All of the data is to be set down again without alteration.

***** Working data

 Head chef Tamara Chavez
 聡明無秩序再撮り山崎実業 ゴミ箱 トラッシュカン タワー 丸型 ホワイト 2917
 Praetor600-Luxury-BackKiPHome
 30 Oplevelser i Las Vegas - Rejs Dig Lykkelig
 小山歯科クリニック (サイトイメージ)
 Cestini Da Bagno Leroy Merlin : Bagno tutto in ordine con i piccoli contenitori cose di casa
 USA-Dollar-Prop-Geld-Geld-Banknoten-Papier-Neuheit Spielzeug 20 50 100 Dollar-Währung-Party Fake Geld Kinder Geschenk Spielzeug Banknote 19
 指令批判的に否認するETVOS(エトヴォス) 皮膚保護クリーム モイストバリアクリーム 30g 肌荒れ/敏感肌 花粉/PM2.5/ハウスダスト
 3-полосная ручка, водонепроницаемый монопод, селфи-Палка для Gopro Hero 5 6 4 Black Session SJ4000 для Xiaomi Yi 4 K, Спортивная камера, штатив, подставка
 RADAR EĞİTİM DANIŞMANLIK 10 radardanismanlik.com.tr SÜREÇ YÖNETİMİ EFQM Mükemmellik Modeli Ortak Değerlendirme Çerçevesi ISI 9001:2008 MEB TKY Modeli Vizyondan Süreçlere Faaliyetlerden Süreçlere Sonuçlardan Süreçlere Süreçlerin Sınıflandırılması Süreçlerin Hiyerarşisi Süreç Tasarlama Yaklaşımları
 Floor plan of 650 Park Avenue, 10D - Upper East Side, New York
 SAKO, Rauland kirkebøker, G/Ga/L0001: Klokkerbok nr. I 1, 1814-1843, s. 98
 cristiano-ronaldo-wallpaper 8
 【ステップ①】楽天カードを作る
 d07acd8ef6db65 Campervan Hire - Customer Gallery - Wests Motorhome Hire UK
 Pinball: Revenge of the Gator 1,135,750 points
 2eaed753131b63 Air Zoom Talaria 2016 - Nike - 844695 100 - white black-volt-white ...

**********

- Finished exercise:
 Head chef Tamara Chavez
 聡明無秩序再撮り山崎実業 ゴミ箱 トラッシュカン タワー 丸型 ホワイト 2917
 Praetor600-Luxury-BackKiPHome
 30 Oplevelser i Las Vegas - Rejs Dig Lykkelig
 小山歯科クリニック (サイトイメージ)
 Cestini Da Bagno Leroy Merlin : Bagno tutto in ordine con i piccoli contenitori cose di casa
 USA-Dollar-Prop-Geld-Geld-Banknoten-Papier-Neuheit Spielzeug 20 50 100 Dollar-Währung-Party Fake Geld Kinder Geschenk Spielzeug Banknote 19
 指令批判的に否認するETVOS(エトヴォス) 皮膚保護クリーム モイストバリアクリーム 30g 肌荒れ/敏感肌 花粉/PM2.5/ハウスダスト
 3-полосная ручка, водонепроницаемый монопод, селфи-Палка для Gopro Hero 5 6 4 Black Session SJ4000 для Xiaomi Yi 4 K, Спортивная камера, штатив, подставка
 RADAR EĞİTİM DANIŞMANLIK 10 radardanismanlik.com.tr SÜREÇ YÖNETİMİ EFQM Mükemmellik Modeli Ortak Değerlendirme Çerçevesi ISI 9001:2008 MEB TKY Modeli Vizyondan Süreçlere Faaliyetlerden Süreçlere Sonuçlardan Süreçlere Süreçlerin Sınıflandırılması Süreçlerin Hiyerarşisi Süreç Tasarlama Yaklaşımları
 Floor plan of 650 Park Avenue, 10D - Upper East Side, New York
 SAKO, Rauland kirkebøker, G/Ga/L0001: Klokkerbok nr. I 1, 1814-1843, s. 98
 cristiano-ronaldo-wallpaper 8
 【ステップ①】楽天カードを作る
 d07acd8ef6db65 Campervan Hire - Customer Gallery - Wests Motorhome Hire UK
 Pinball: Revenge of the Gator 1,135,750 points
 2eaed753131b63 Air Zoom Talaria 2016 - Nike - 844695 100 - white black-volt-white ...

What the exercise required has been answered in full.